Wineries thus often make decisions that winemakers disagree with. And frequently that can lead to the loss of some interesting wines.
Decades ago, for instance, Simi Winery in Healdsburg, California, made a splendid chenin blanc. It was tasty, as fresh as a spring morning. It wasn’t hard to make, was easy to sell, and was profitable.
Then one year, the winery decided not to make it anymore. What happened was that the company decided to trim some of its SKUs. A SKU is a stock-keeping unit—a term used for almost all commercial goods. In wine industry parlance, a SKU is a unique wine in a portfolio. If a winery ends up bottling 15 different versions of wines a year, each one is a SKU.
Large wine companies usually don’t like having lots of SKUs. So, when a giant winery acquires a smaller one, some wines end up on the cutting room floor.
That’s what has happened to many wines as a result of mergers in which the new parent company wants to simplify what it sells. Wine industry consolidation has been going on for decades, reducing the number of players but keeping old brands as staples for marketing purposes.
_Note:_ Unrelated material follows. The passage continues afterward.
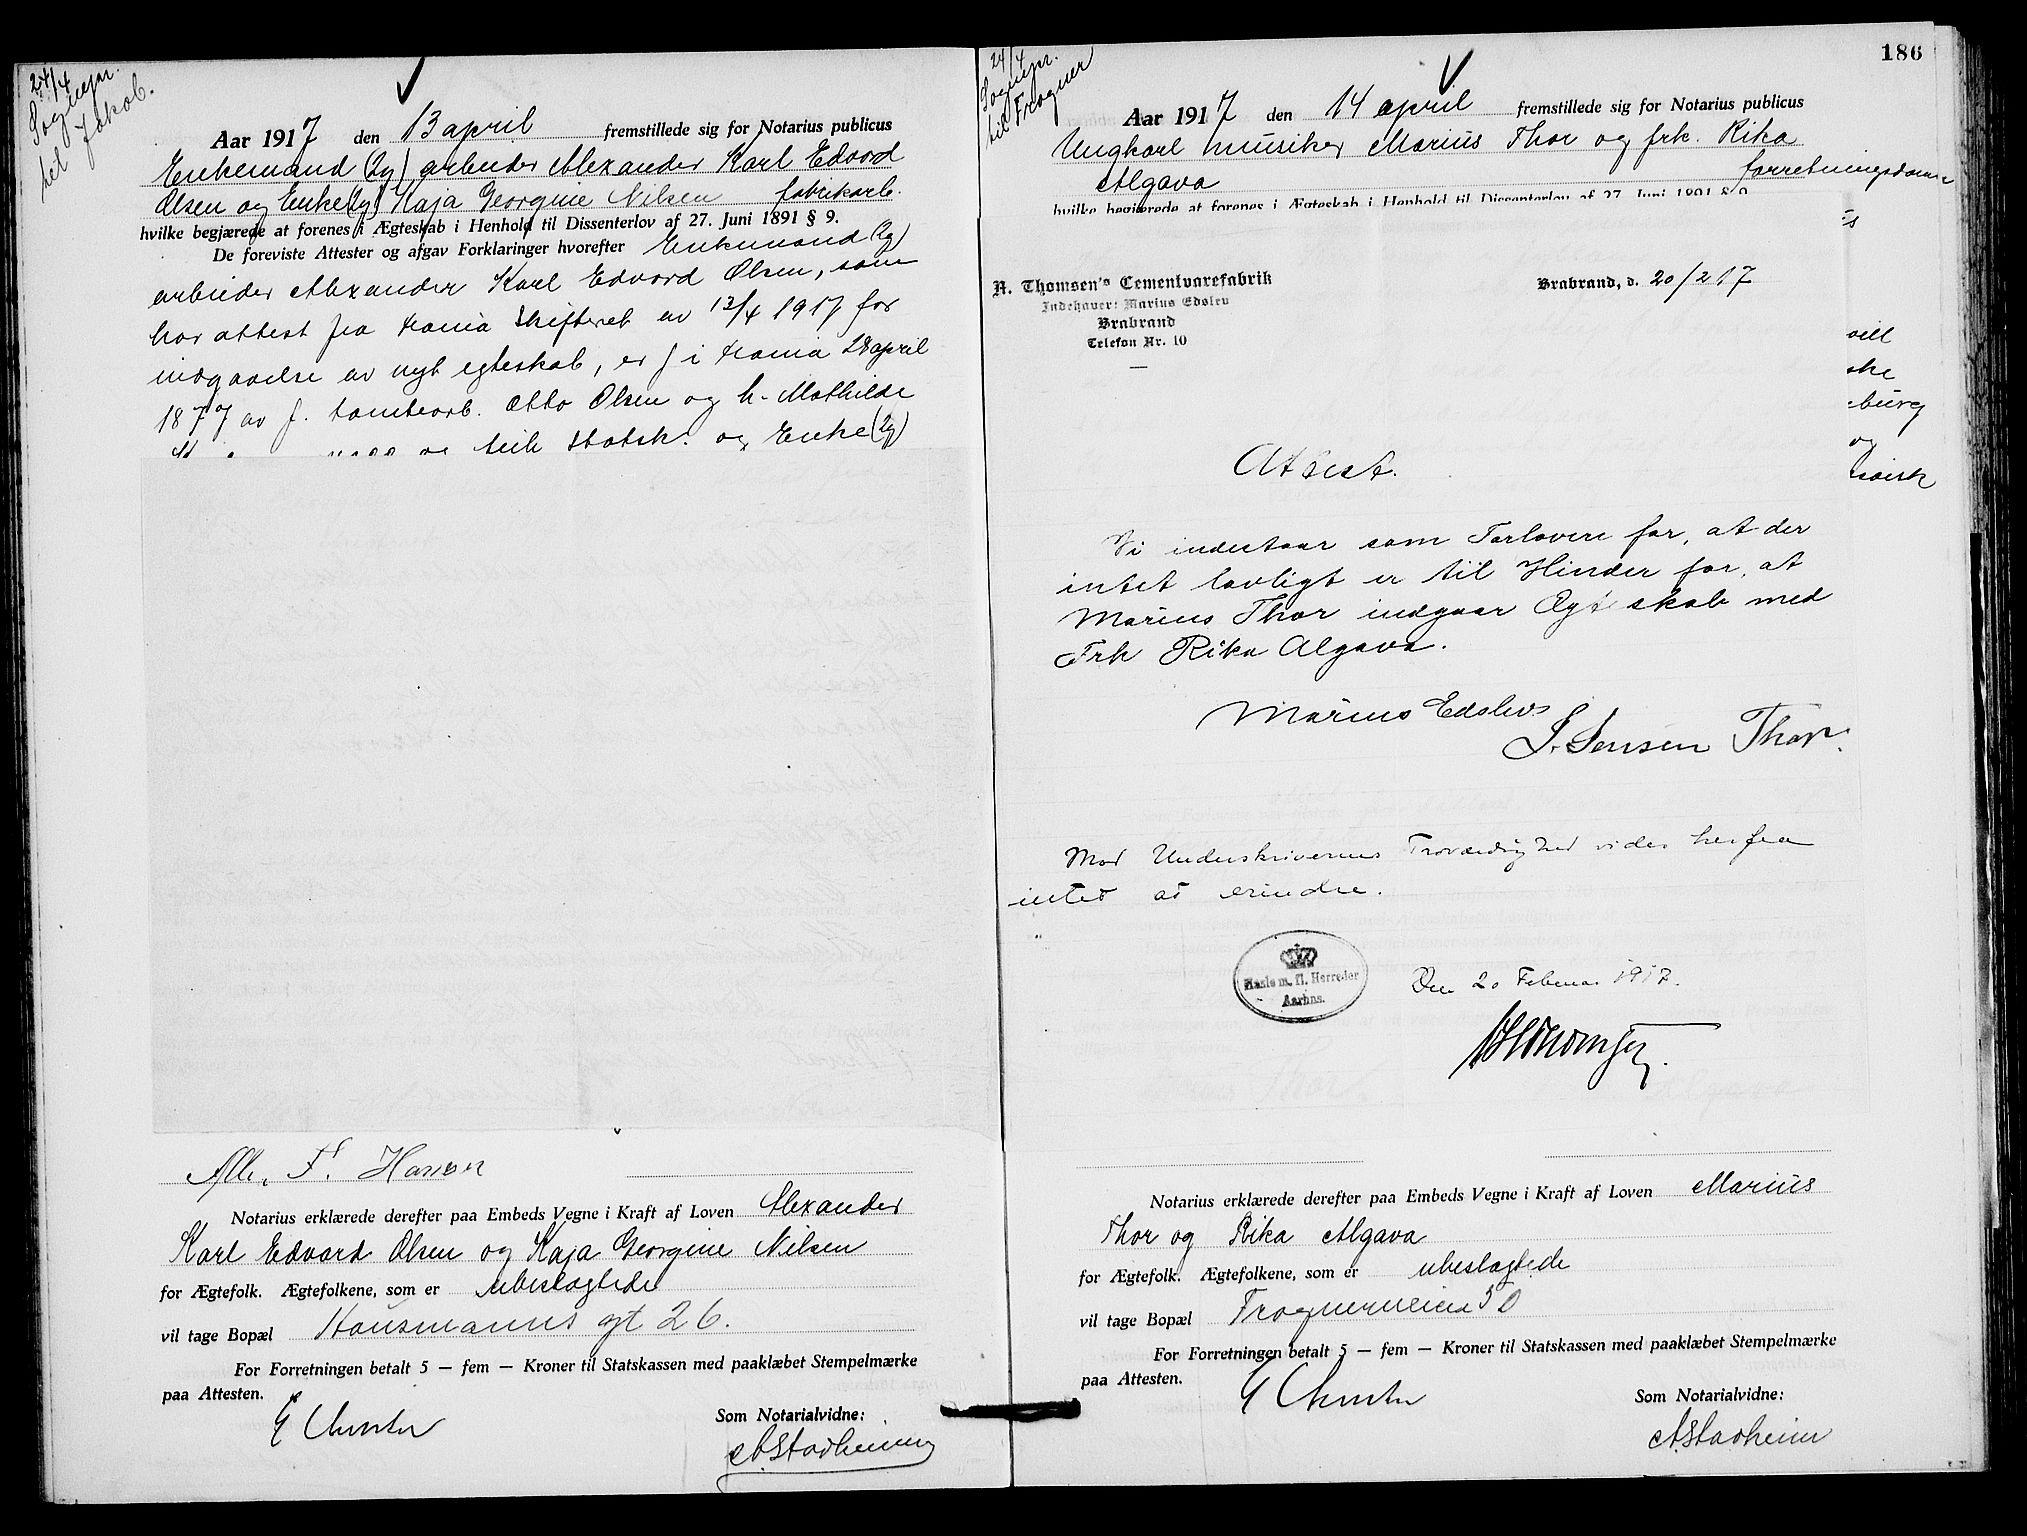 SAO, Oslo byfogd avd. I, L/Lb/Lbb/L0011: Notarialprotokoll, rekke II: Vigsler, 1916-1918, s. 185b-186a

What remains in most portfolios are the wines we have come to know well because they carry familiar names.
So, we have a lot of chardonnay, cabernet, merlot, sauvignon blanc, and pinot gris. And what we are losing are fascinating wines such as chenin blanc, Charbono, and Barbera.
However, recently I have seen an interesting trend: Small wineries are turning to some of these wines for their wine clubs.
Consumers join a winery’s wine club because it offers more than just the standard wines. This countertrend allows wineries to make cabernet franc, malbec, dry rosé, dry riesling, petite sirah, and many other wines that are sold only at the tasting room and by mail order to wine club members.
As a result of wine club needs, some wines that once were popular and then were abandoned are coming back to life. So, while larger wine companies simplify portfolios by abandoning some less-than-popular wines, small wineries are adding less-well-known wines in small amounts that actually expand the number of SKUs being made.
Usually, the only way some of the “unusual” varietals can be made is if someone is still growing the grapes.
The good news is that smaller, adventuresome producers are making small amounts of French Colombard, Carignan, chenin blanc, pinot blanc, Lagrein, Trousseau Gris, and other grapes. The trick is to find them, which means visiting tasting rooms.